WHAT NEEDS TO BE DONE: Each line below must be reproduced exactly as it stands. Pictures stay out of the copy.

DATASET EXCERPT:
★ ★ ★ ★
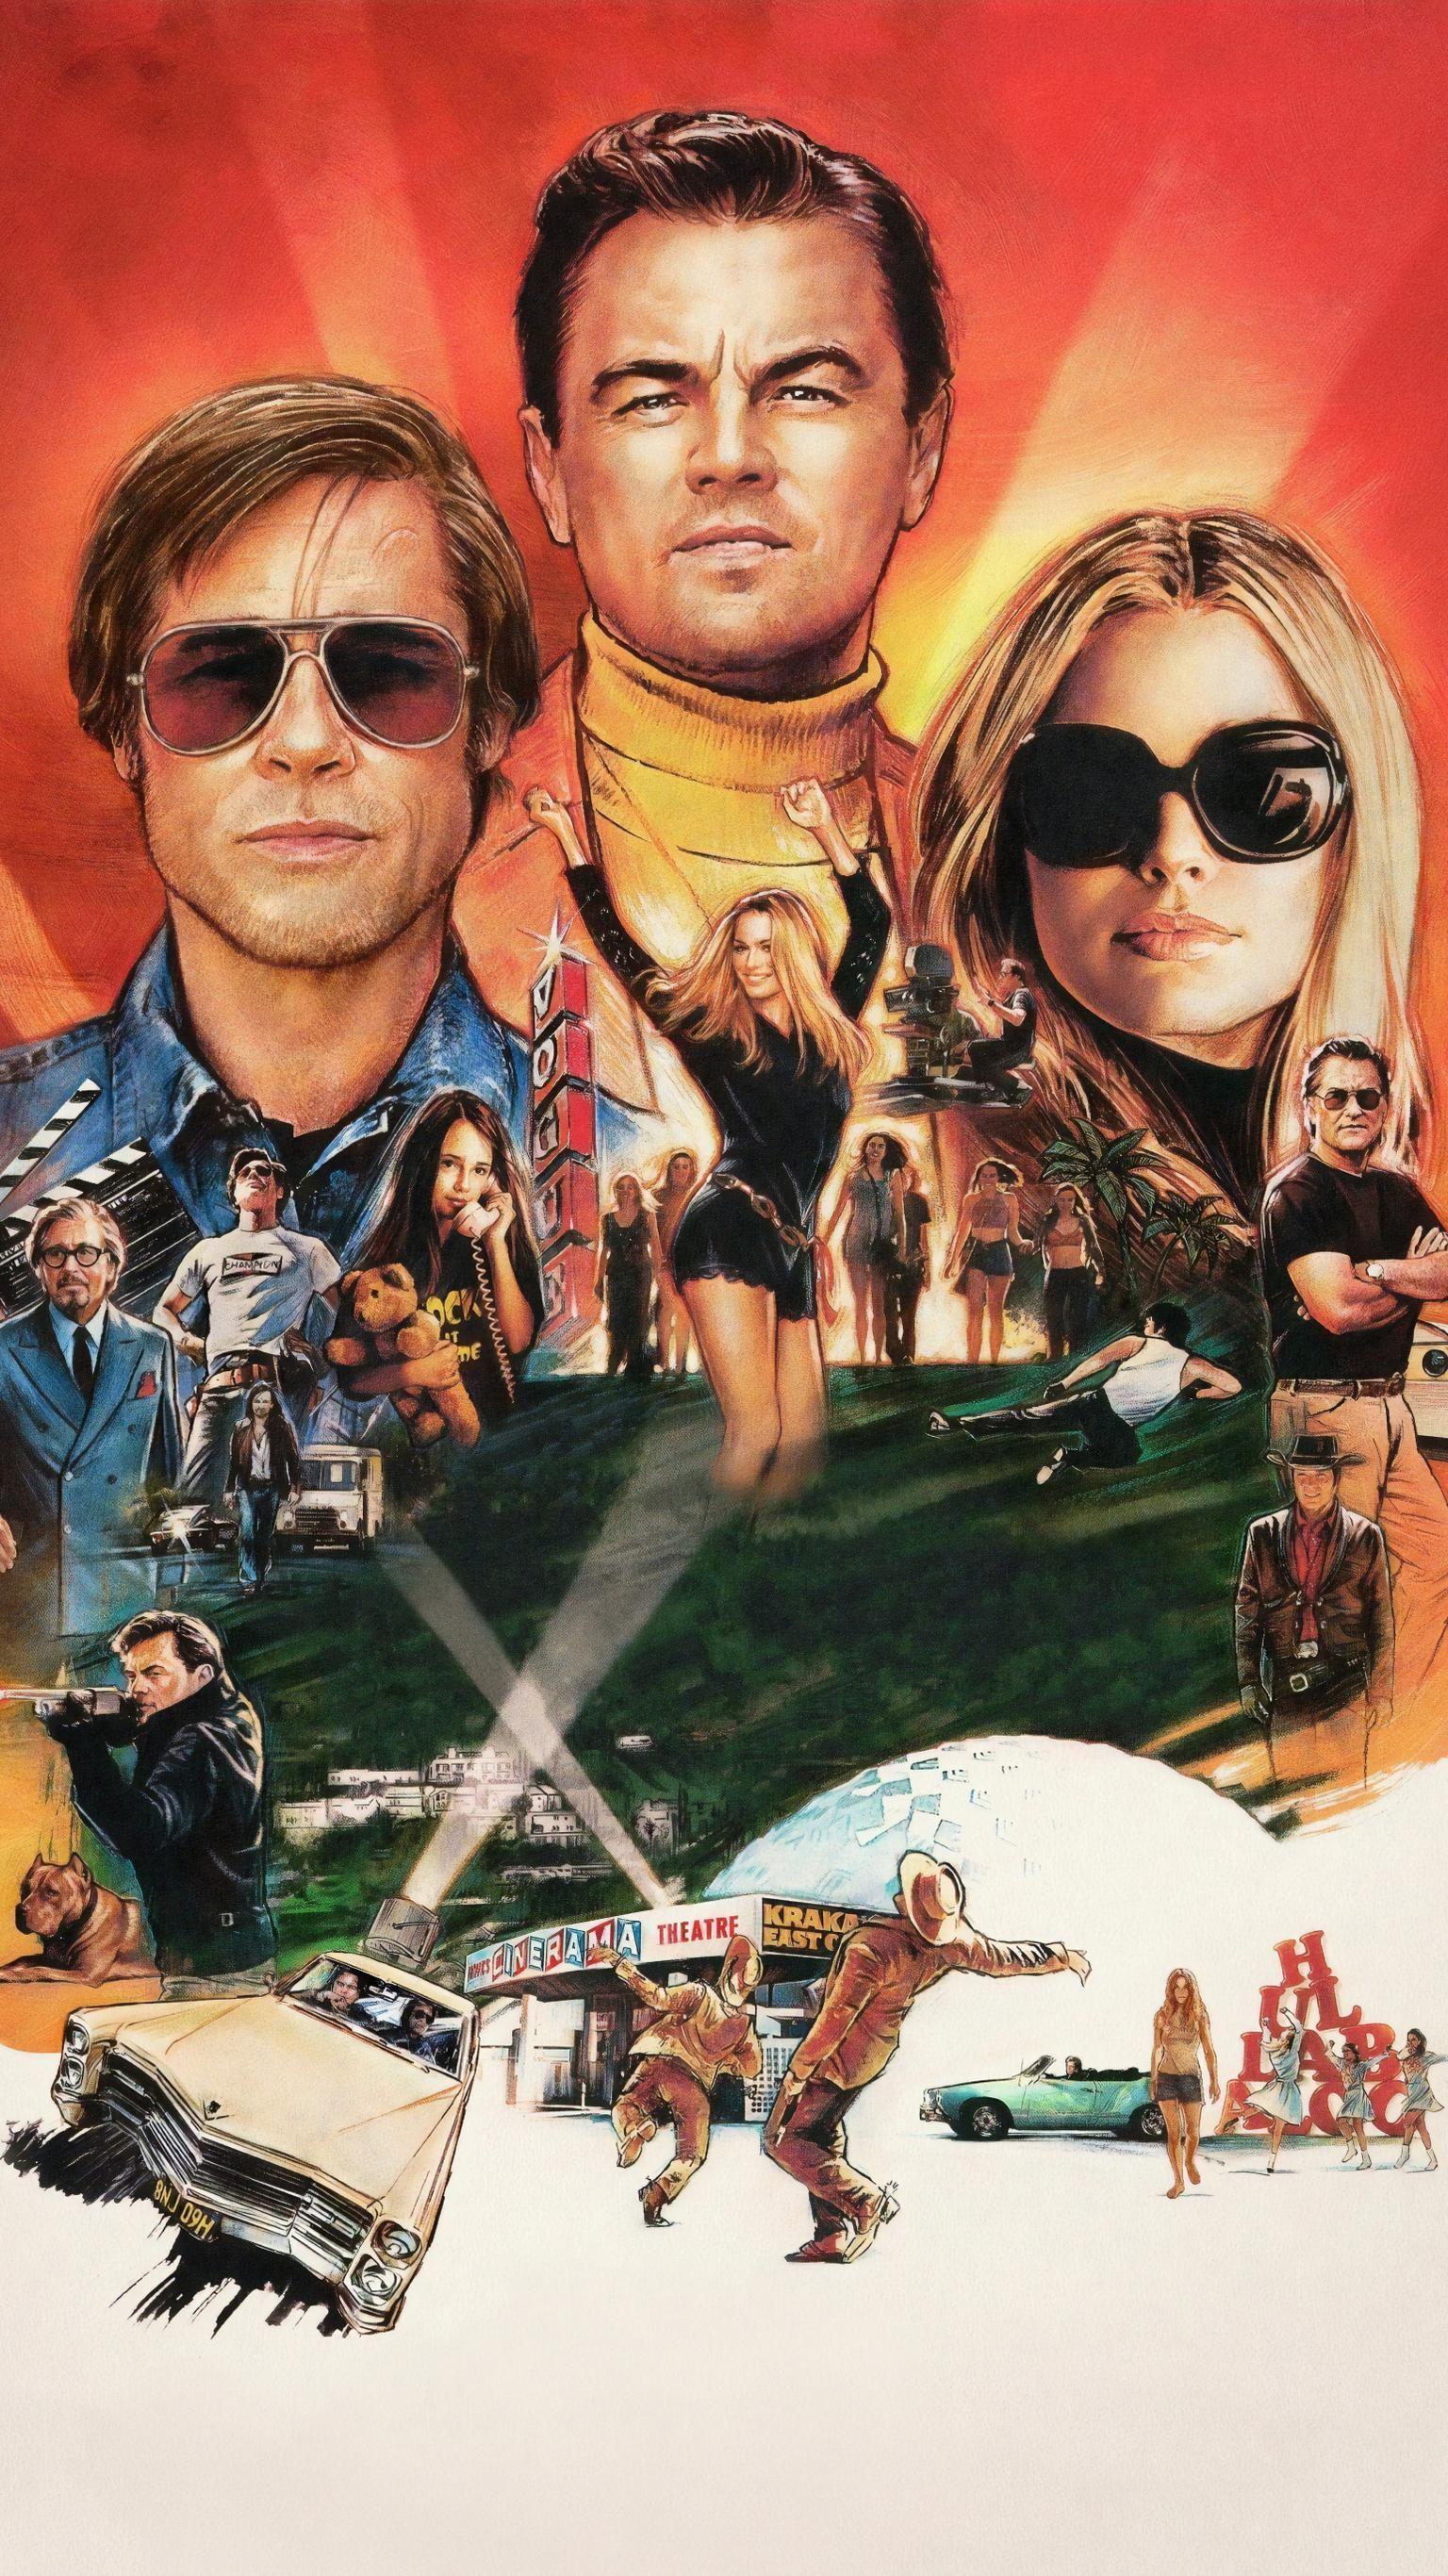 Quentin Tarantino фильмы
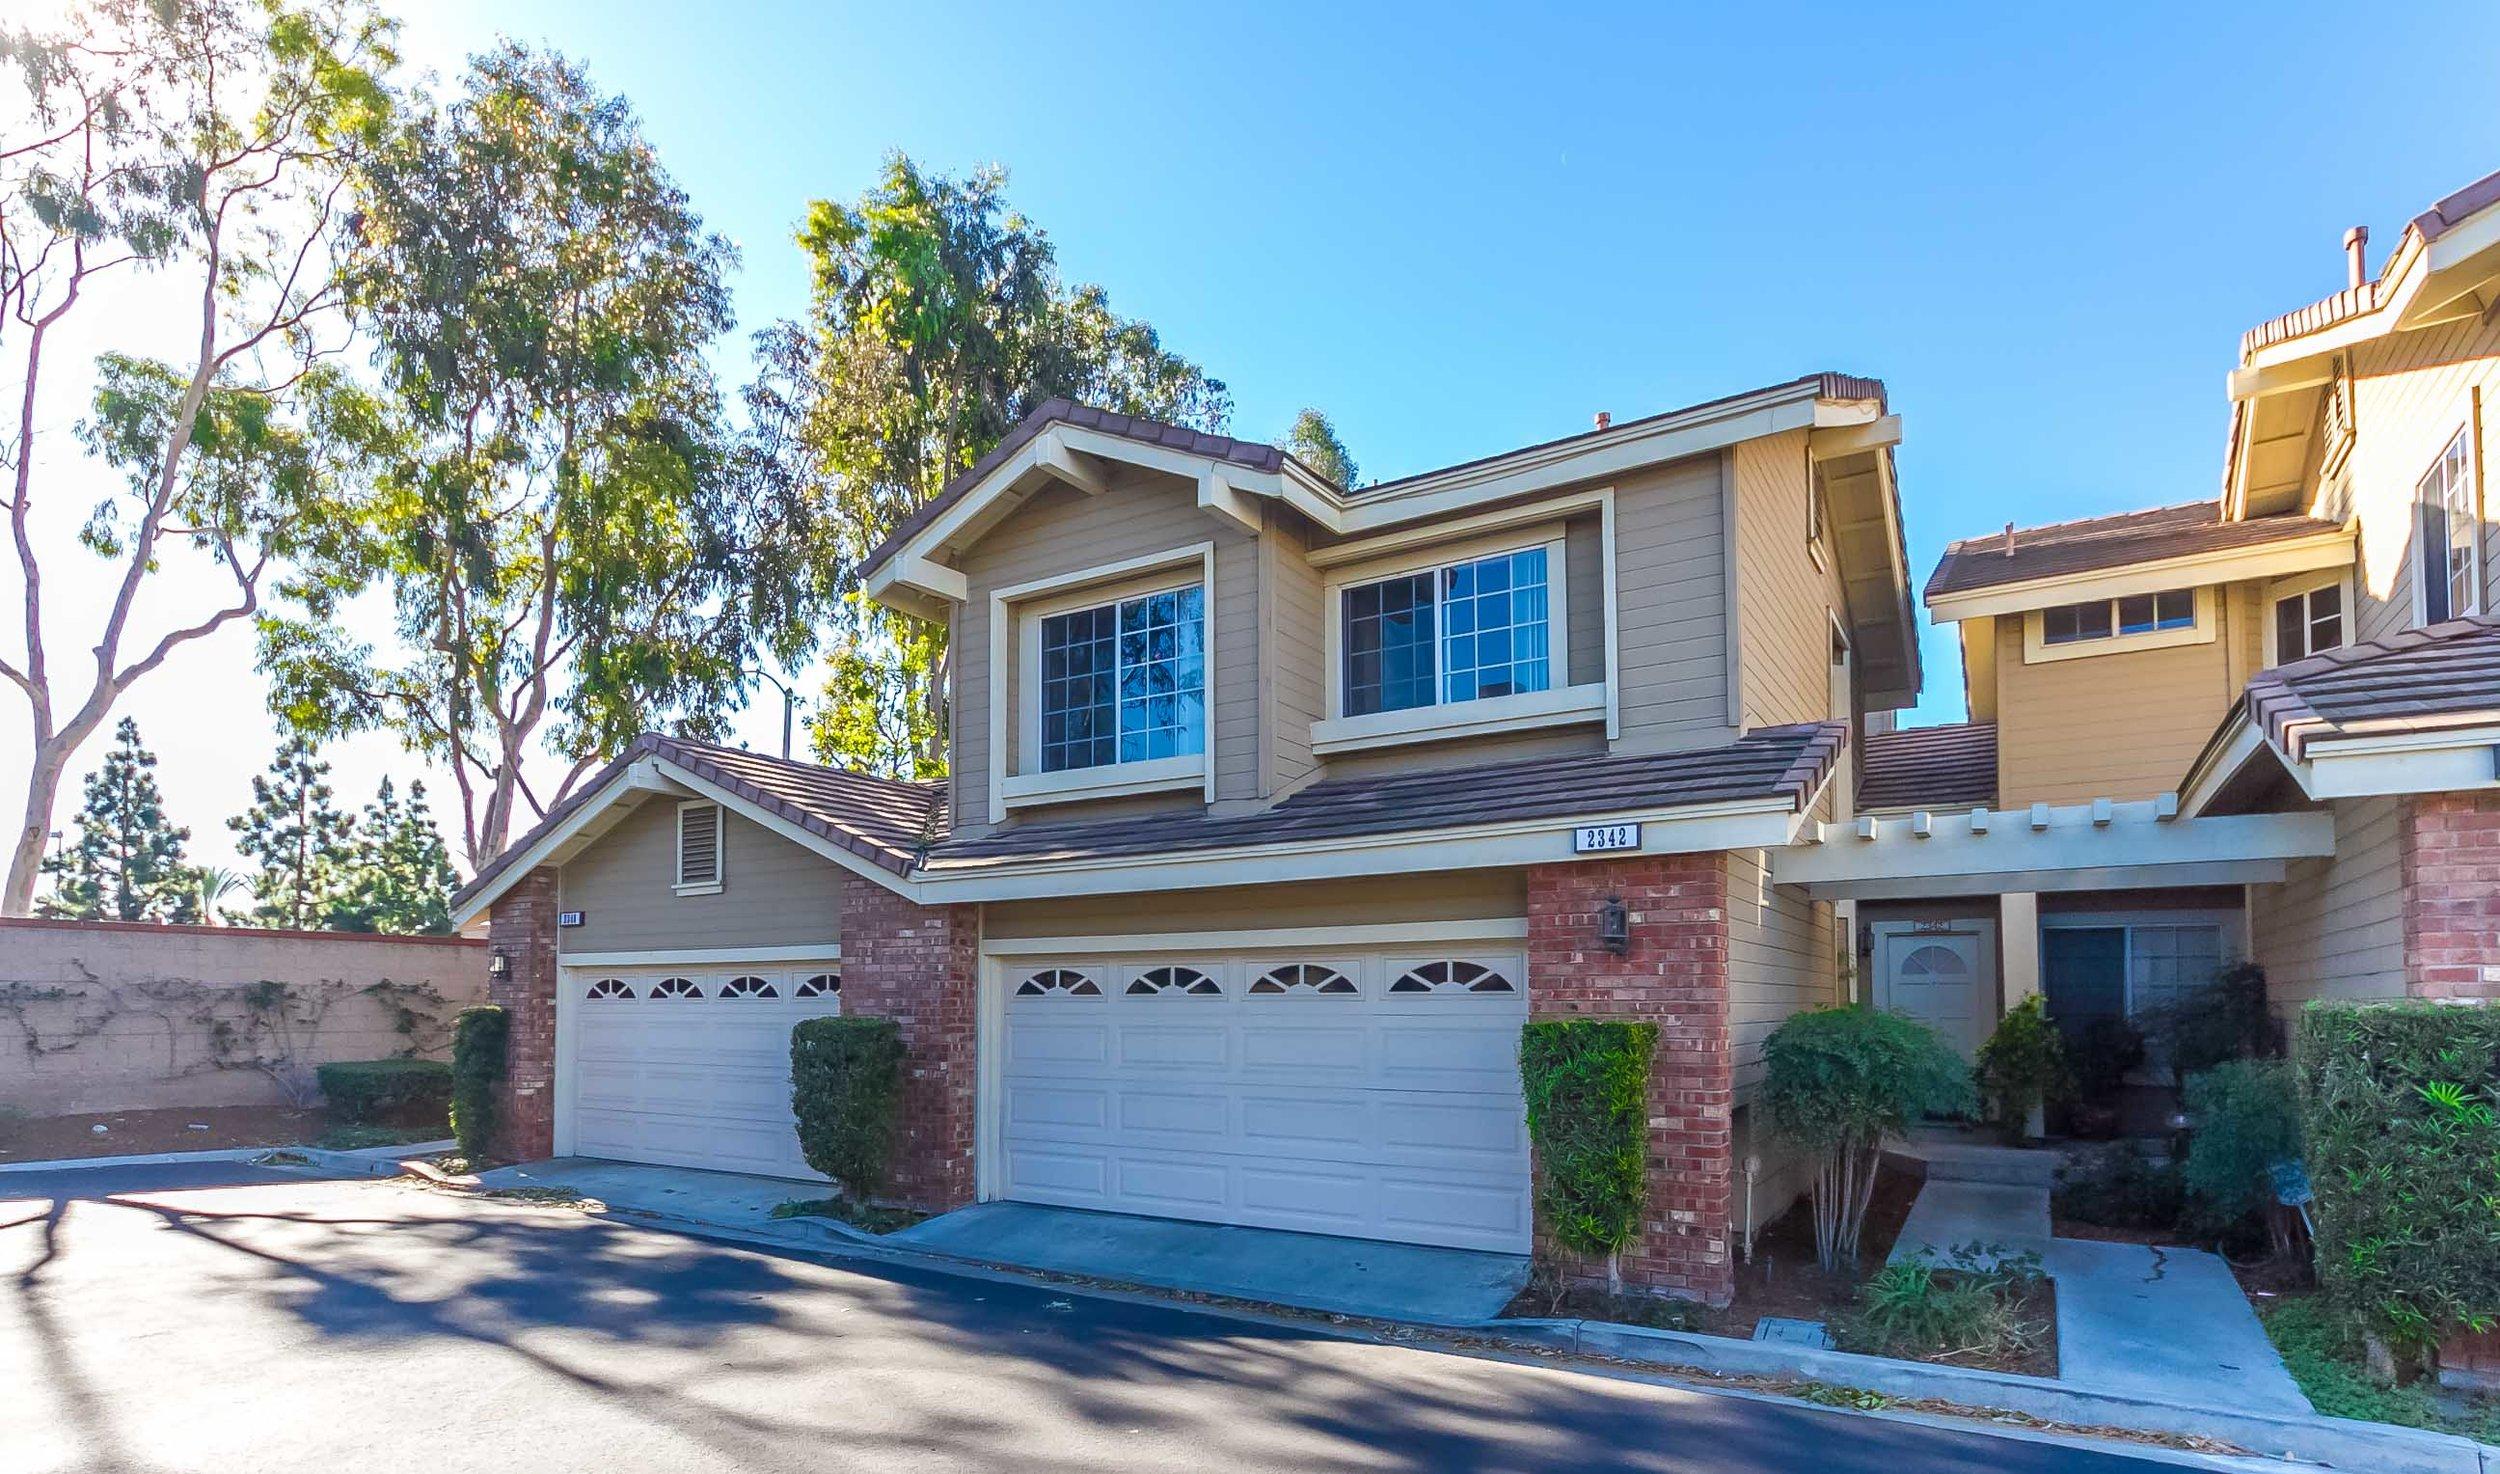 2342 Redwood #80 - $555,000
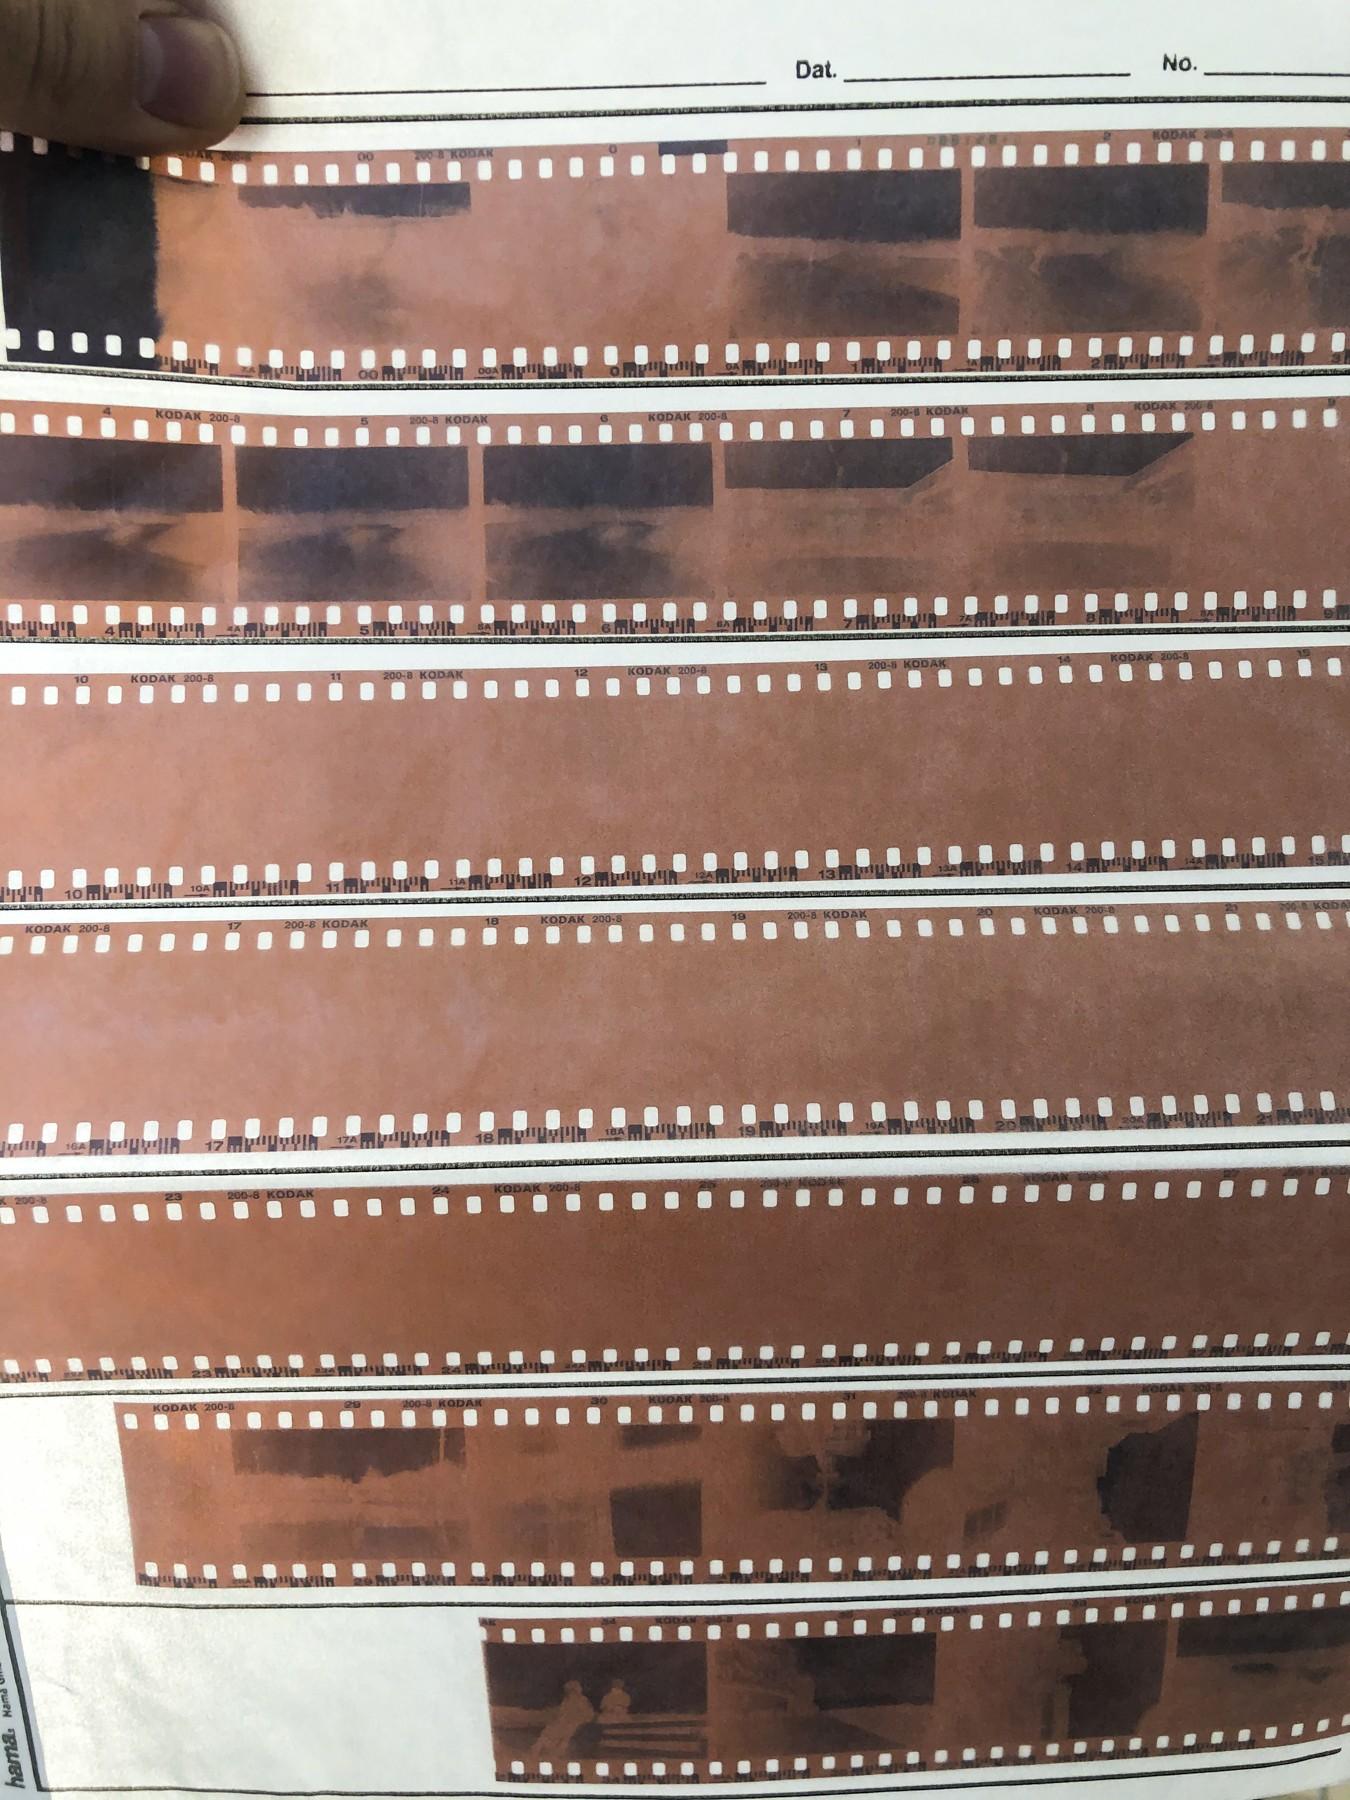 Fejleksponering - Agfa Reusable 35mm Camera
★ ★ ★ ★
ANSWER AREA:
 Quentin Tarantino фильмы
 2342 Redwood #80 - $555,000
 Fejleksponering - Agfa Reusable 35mm Camera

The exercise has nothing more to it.